After listening to the BiggerPockets episodes, he said that he learned that it wouldn’t be a bad idea to reach back out. So he checked in with the listing agent again and said, “Hey, how are things moving?” The property was under contract with another buyer. So Jeffrey ended up reaching back out and seven days later he got a call from the listing agent saying that that initial buyer dropped out and the seller was now willing to accept Jeffrey’s 1.2 million offer. So Jeffrey, I’m super pumped for you for being able to get this property in a contract, but even more so, it’s a great lesson for all of our rookies that just because a property goes under contract with the buyer, that doesn’t mean that they’re going to close.

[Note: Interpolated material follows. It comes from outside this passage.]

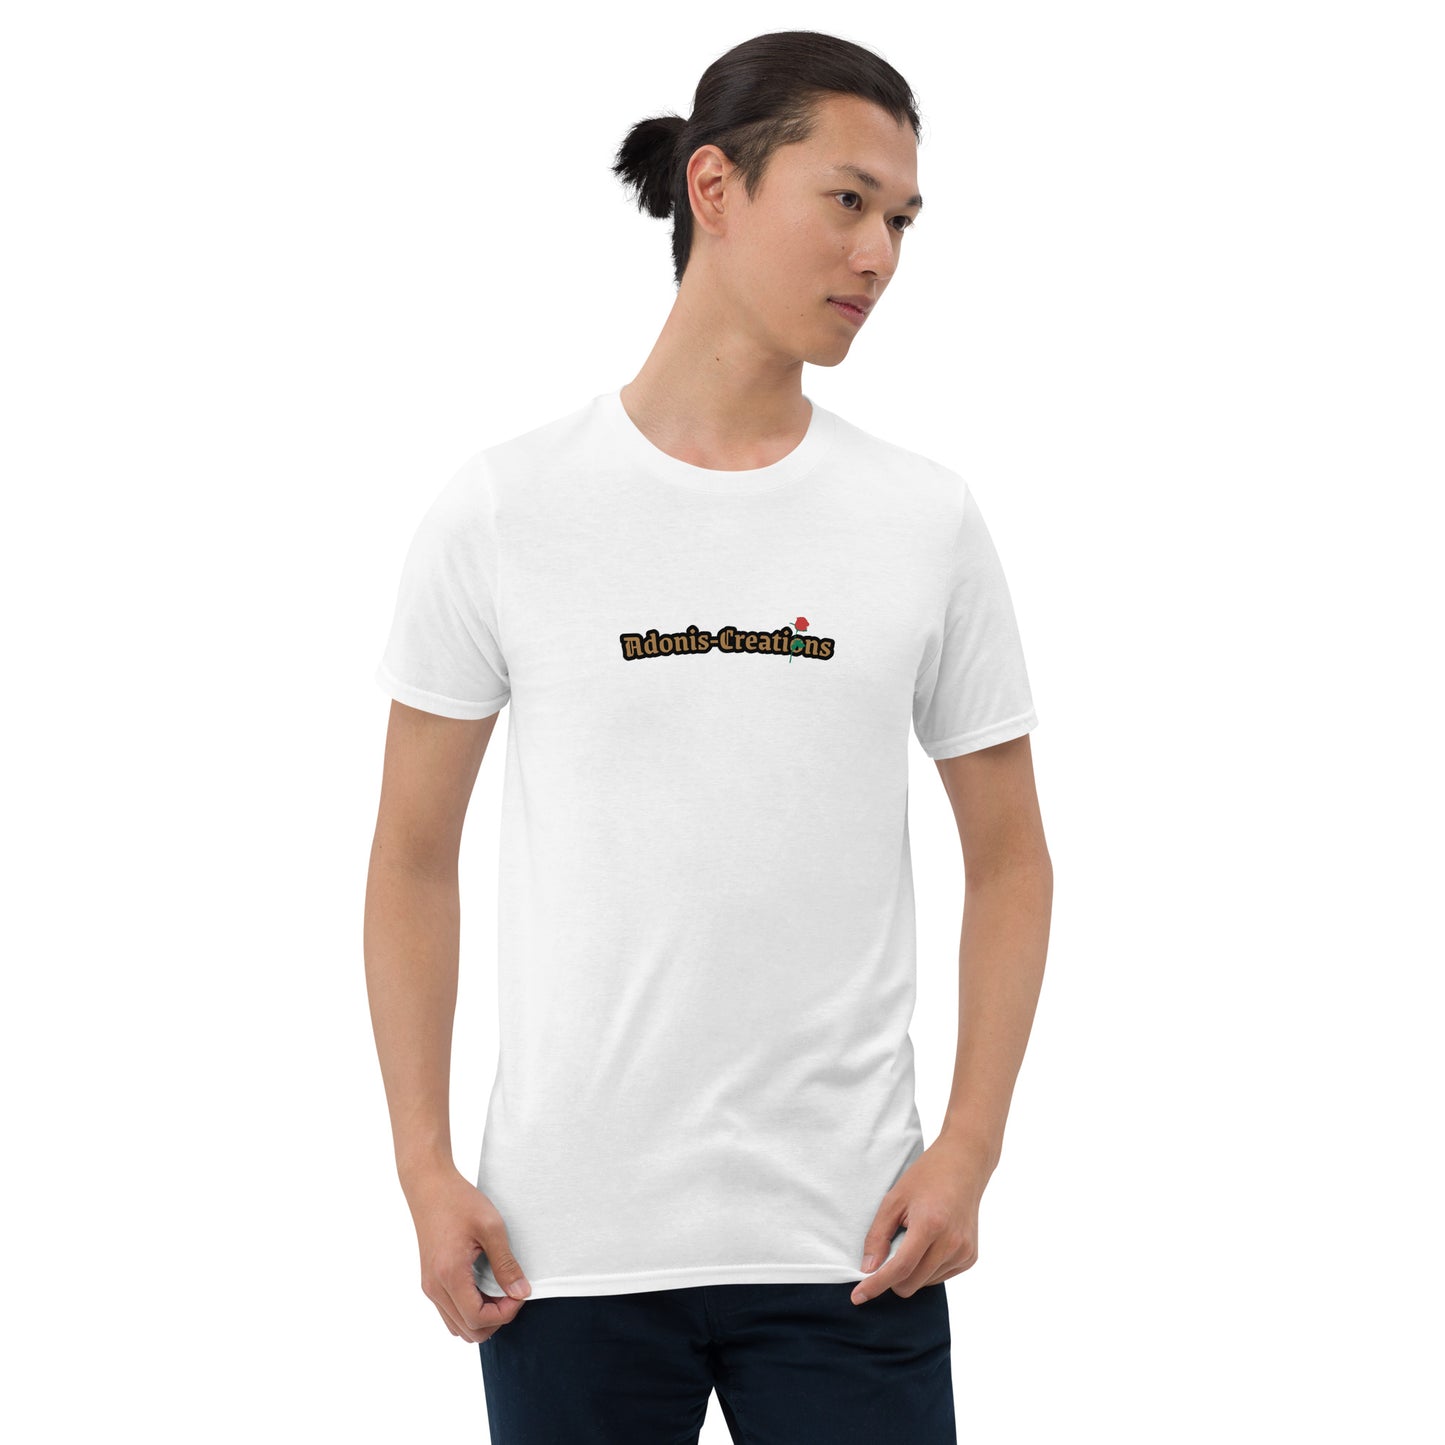 Adonis-Creations - Short-Sleeve Men's Cotton T-Shirt
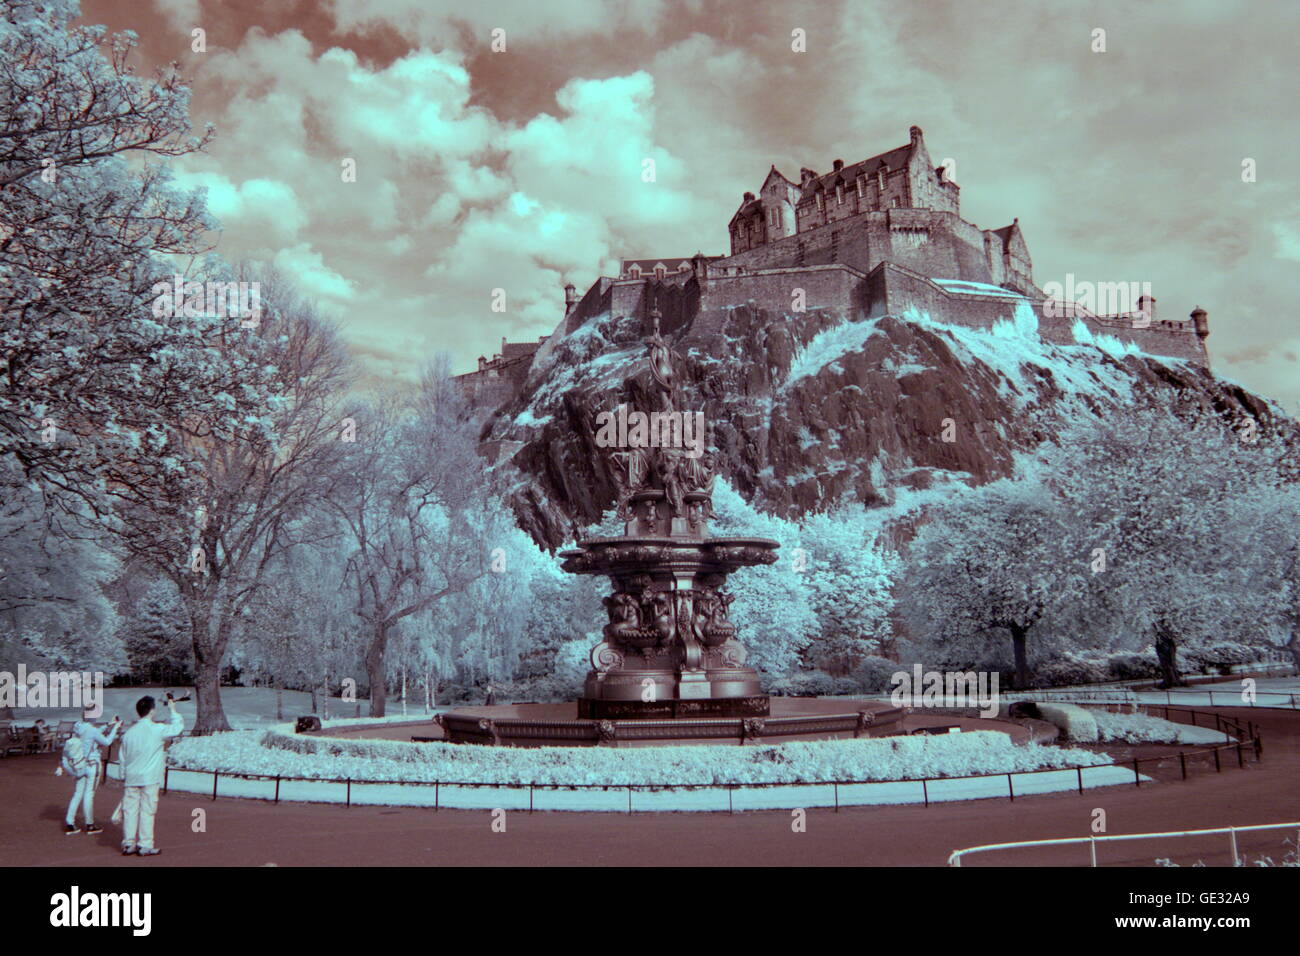 Edinburgh Castle infra red infrared from princes street gardens rock Stock Photo

Deals out of escrow all the time. So if you can be the second person in line, that is a great position to be in.

Ashley:
Yeah. Congratulations, Jeffrey. That’s awesome. And way to stick with it. Well, Daniel, thank you so much for joining us today to do this recording. Can you let everyone know where they can reach out to you and possibly learn some more information about your crazy skydiving and other adventures that you do?

Daniel:
Yeah, you can reach out to me on Instagram, it’s Free Fly Kid. On Facebook, Daniel.Schiermeyer. Those are the main two. I respond to everybody on there.

Ashley:
Well, Daniel, thank you so much for coming on today. We really appreciated you taking the time and providing value to us and all of our listeners. I’m Ashley at Wealth From Rentals and he’s Tony at Tony J Robinson. And we will be back on Saturday with a Rookie Reply.